[Material provided]

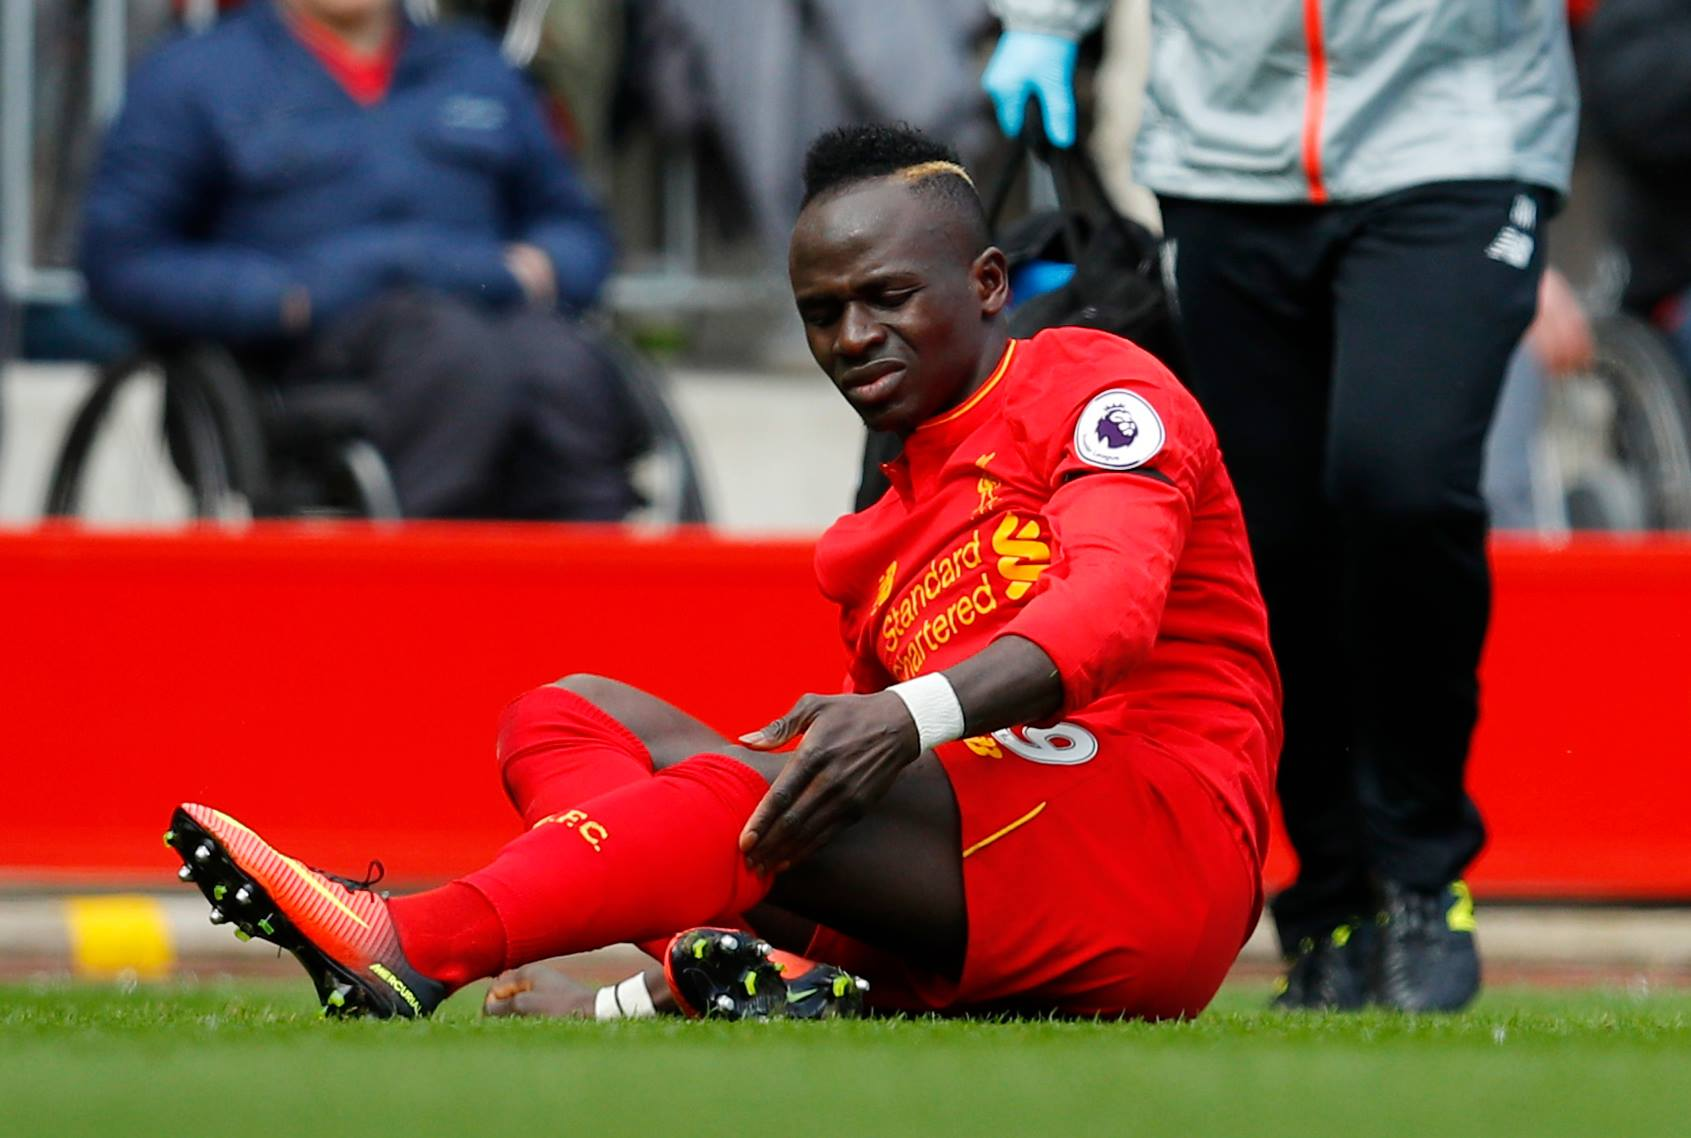 Liverpool : Sadio Mané va subir une intervention chirurgicale
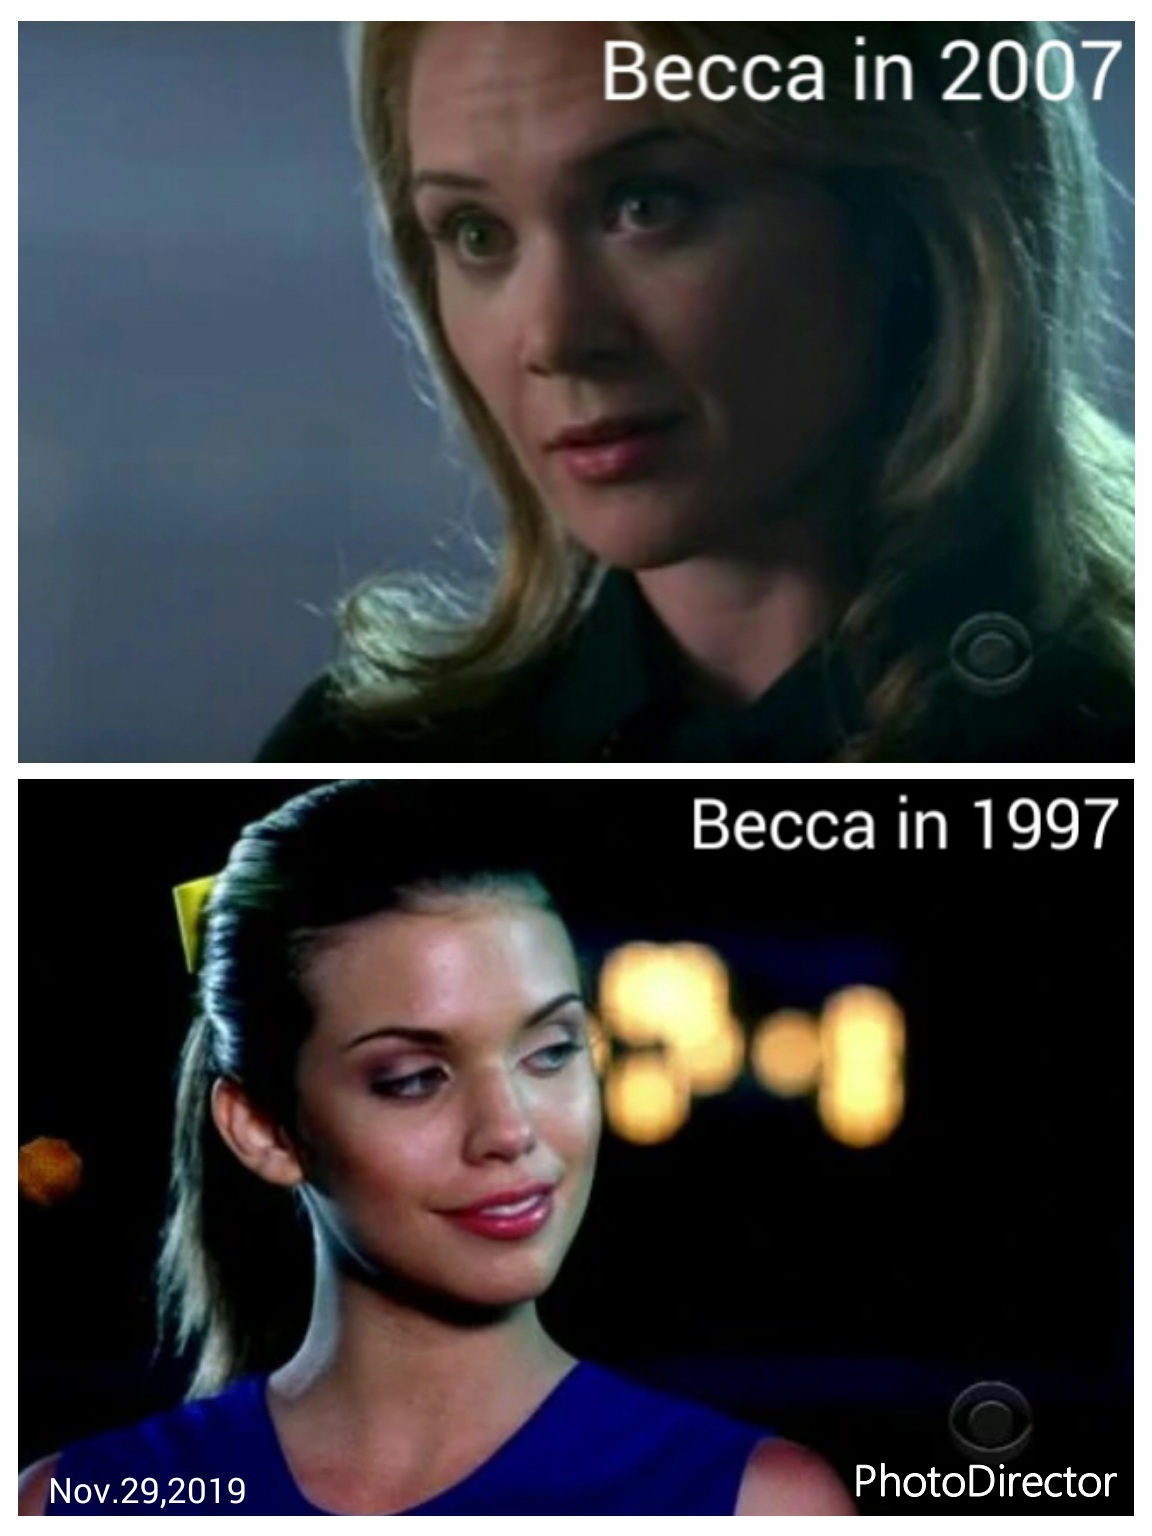 Becca Abrams
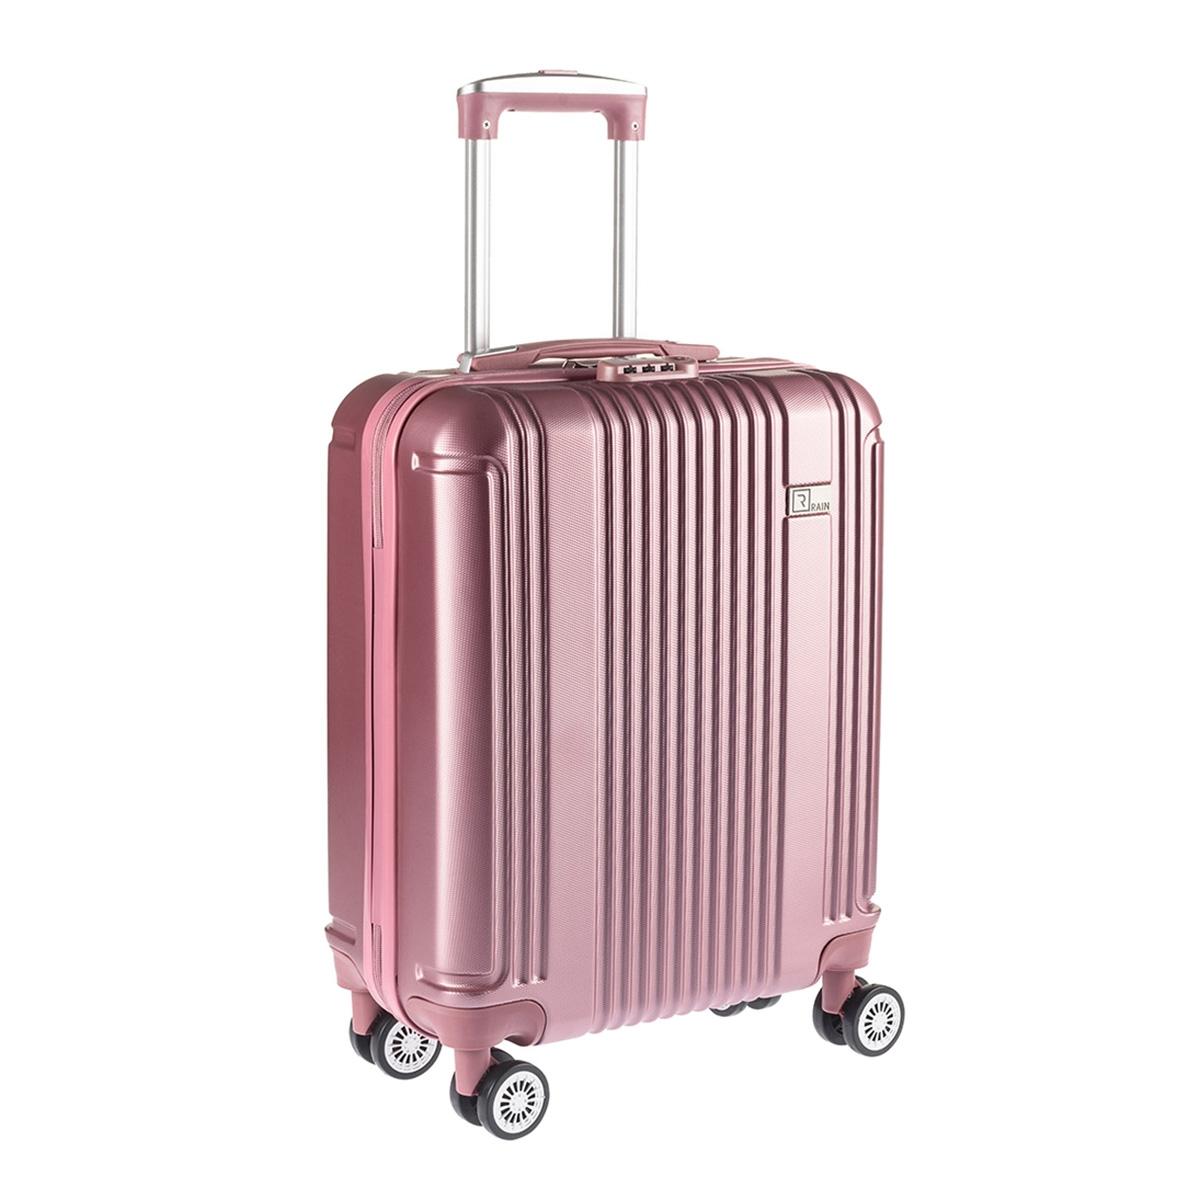 0dd3998f19 Βαλίτσα Καμπίνας Σκληρή ABS 4 Ρόδες Rain RB9028C Ροζ

[/Material provided]

**What this task involves**
Without the pictures, print the whole listing exactly as given.

**Solution**
 Liverpool : Sadio Mané va subir une intervention chirurgicale
 Becca Abrams
 0dd3998f19 Βαλίτσα Καμπίνας Σκληρή ABS 4 Ρόδες Rain RB9028C Ροζ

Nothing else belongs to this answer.